Written by Eleen Meleng | Mar 13, 2026 7:36:26 AM

In the era of digital governance, public sector transformation depends not merely on technology adoption and solid regulation standing but on the ability of institutions to share, standardise, and operationalise data across organisational boundaries.

Corinium spoke with Febriana Misdianti, the senior data manager at INA Digital Edu to understand the fragmentation between ministries and agencies in Indonesia, which remains a major obstacle to policy coherence and service delivery.

These challenges are further compounded by the country’s vast geography and social diversity, as Indonesia continues to face significant geographical, societal, and systemic barriers that hinder the delivery of equitable, high‑quality education. Disparity in resources, curriculum implementation, infrastructure readiness, and learning outcomes persist across provinces and districts. These structural conditions make coordination not only desirable, but essential.

Indonesia’s Ministry of Primary and Secondary Education has taken a significant step toward addressing this complexity through the development of Rumah Pendidikan, a national education super-app designed to unify digital education services within a single interoperable ecosystem.
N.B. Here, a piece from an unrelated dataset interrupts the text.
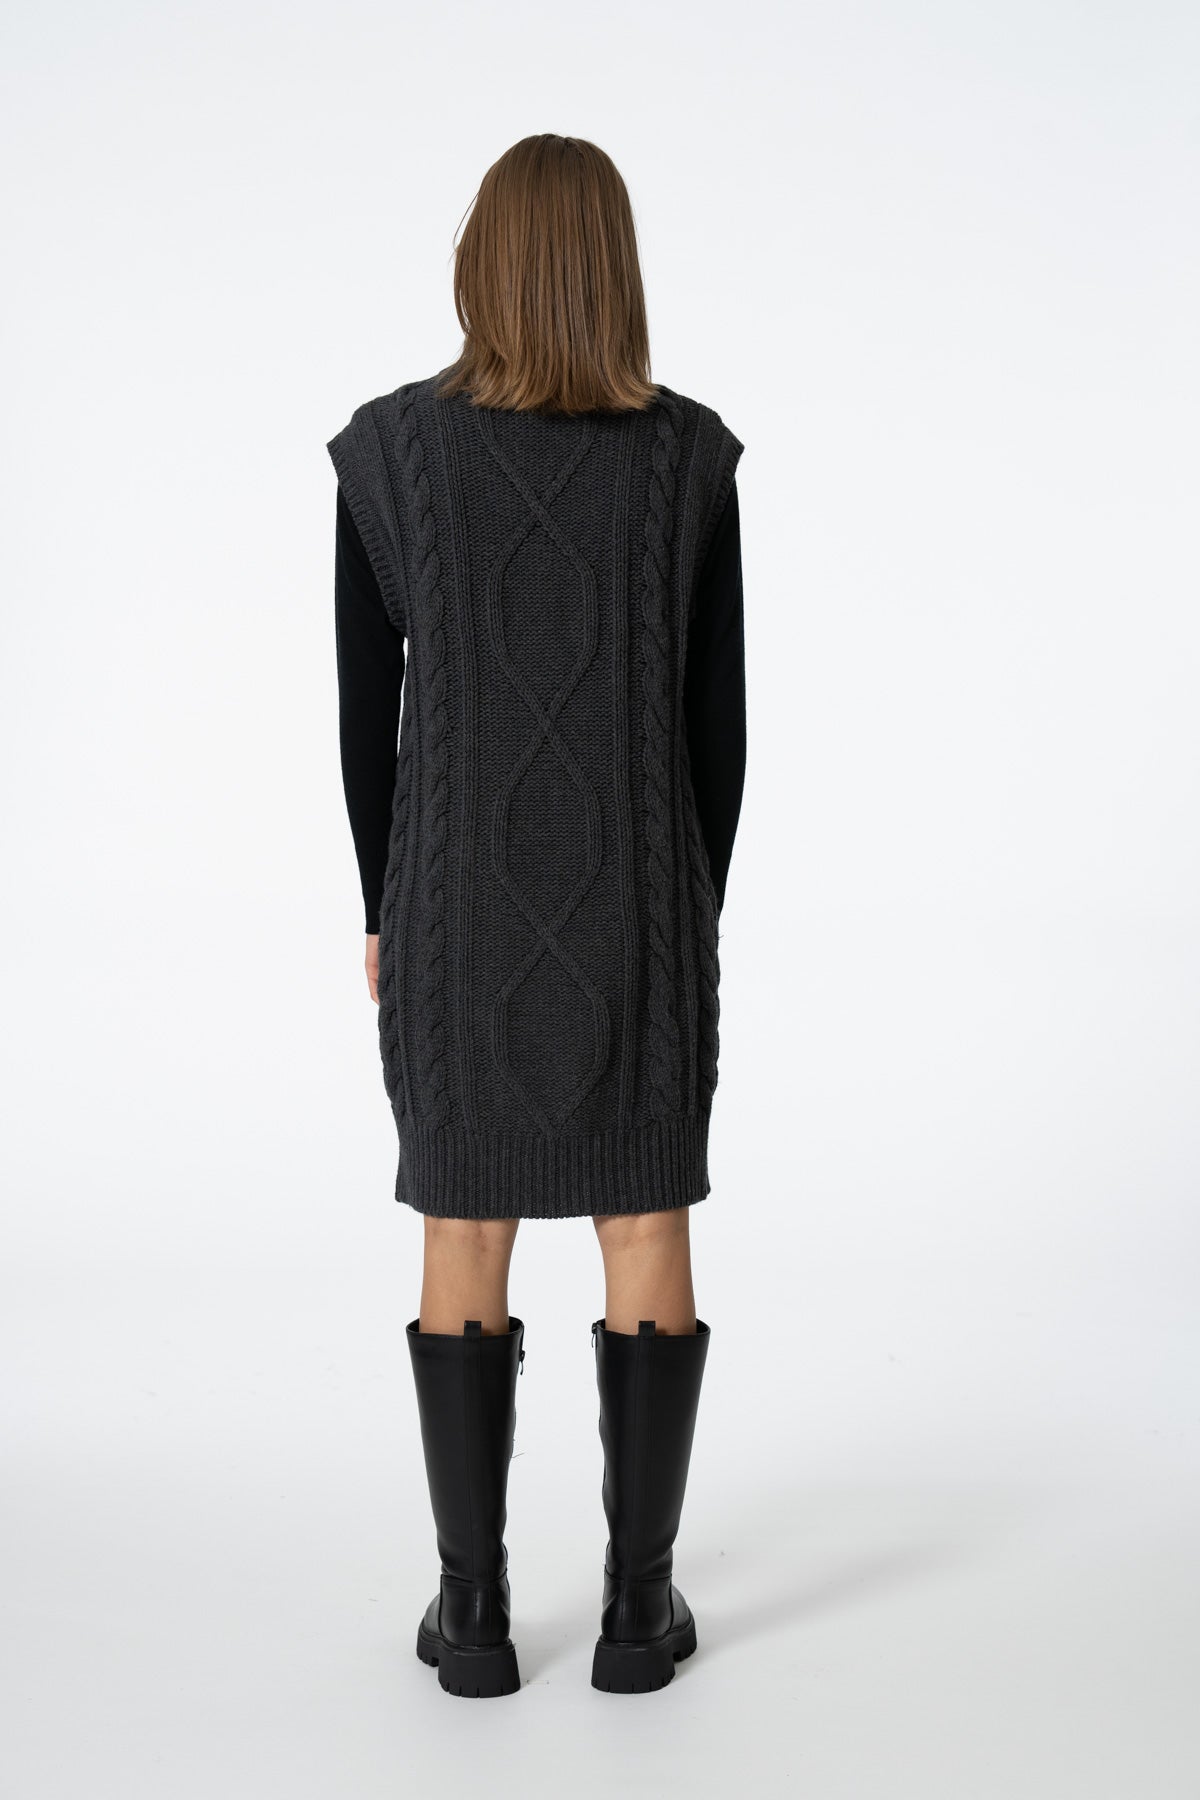 Dinadi Merino Cable Dress in Charcoal Grey Fall 23/24

Although designed as an education platform, Rumah Pendidikan offers a practical blueprint for how cross-sector data interoperability can enable coordinated, cross-ministries collaboration.

 

A Unified Vision: Beyond App Consolidation

What distinguishes Rumah Pendidikan is not merely service consolidation but also its architectural alignment. Rather than functioning as a single monolithic application, the platform is structured into eight integrated modules (“ruang”), each serving a distinct stakeholder group.

 

 

Building a Unified Digital Ecosystem

Before the introduction of Rumah Pendidikan, Indonesia’s education landscape was supported by hundreds of disconnected digital systems, ranging from student data repositories to teacher certification tools and school administration platforms. This fragmentation limited visibility, slowed coordination, and increased duplication across ministries and regional authorities.
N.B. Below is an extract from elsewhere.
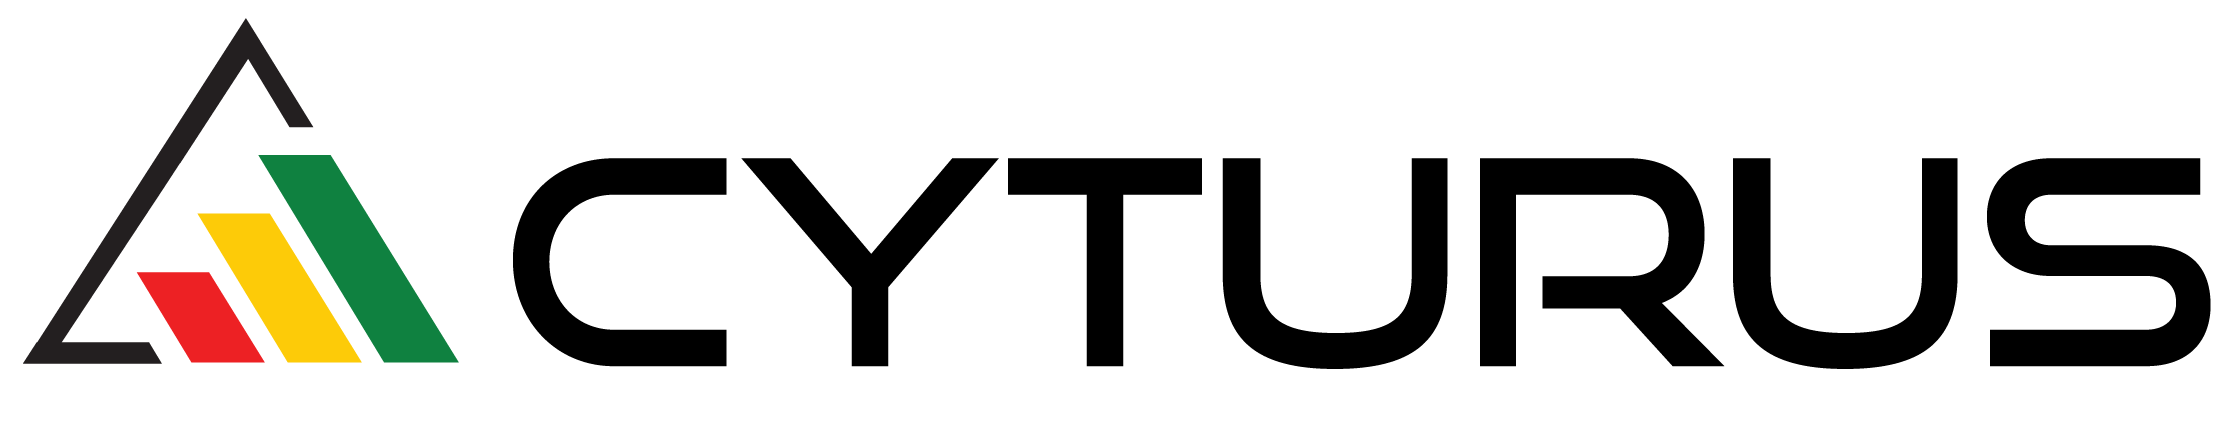 Cyturus-Logo--02.png

Rumah Pendidikan was not built to replace these systems outright, but to federate them under a harmonised structure. By integrating previously siloed systems into structured modules (or “ruang”), the platform establishes common access points and harmonised workflows while preserving role-based governance.

Crucially, this integration is underpinned by:

  1. Standardised data taxonomies: ensuring data definition for students, teachers, institutions, credentials, and performance metrics are consistent across agencies.
  2. API-driven architecture: enabling secure and efficient data exchange.
  3. Clear governance framework: defining data ownership, access rights, and compliance mechanisms to preserve trust and accountability.

This architecture enables collaboration not only within the education ministry, but also across civil service administration bodies, regional governments, planning and budgeting agencies, and even social protection institutions where education data intersects with welfare eligibility criteria. In doing so, it is intended to strengthen policy alignment, enhance responsiveness in decision-making, and promote more coherent program delivery at scale.

Building AI-Ready Government Through Data Quality Management

Interoperability alone, however, is insufficient for the next stage of public sector transformation. As governments accelerate the adoption of artificial intelligence and advanced analytics, the quality of underlying data becomes mission-critical.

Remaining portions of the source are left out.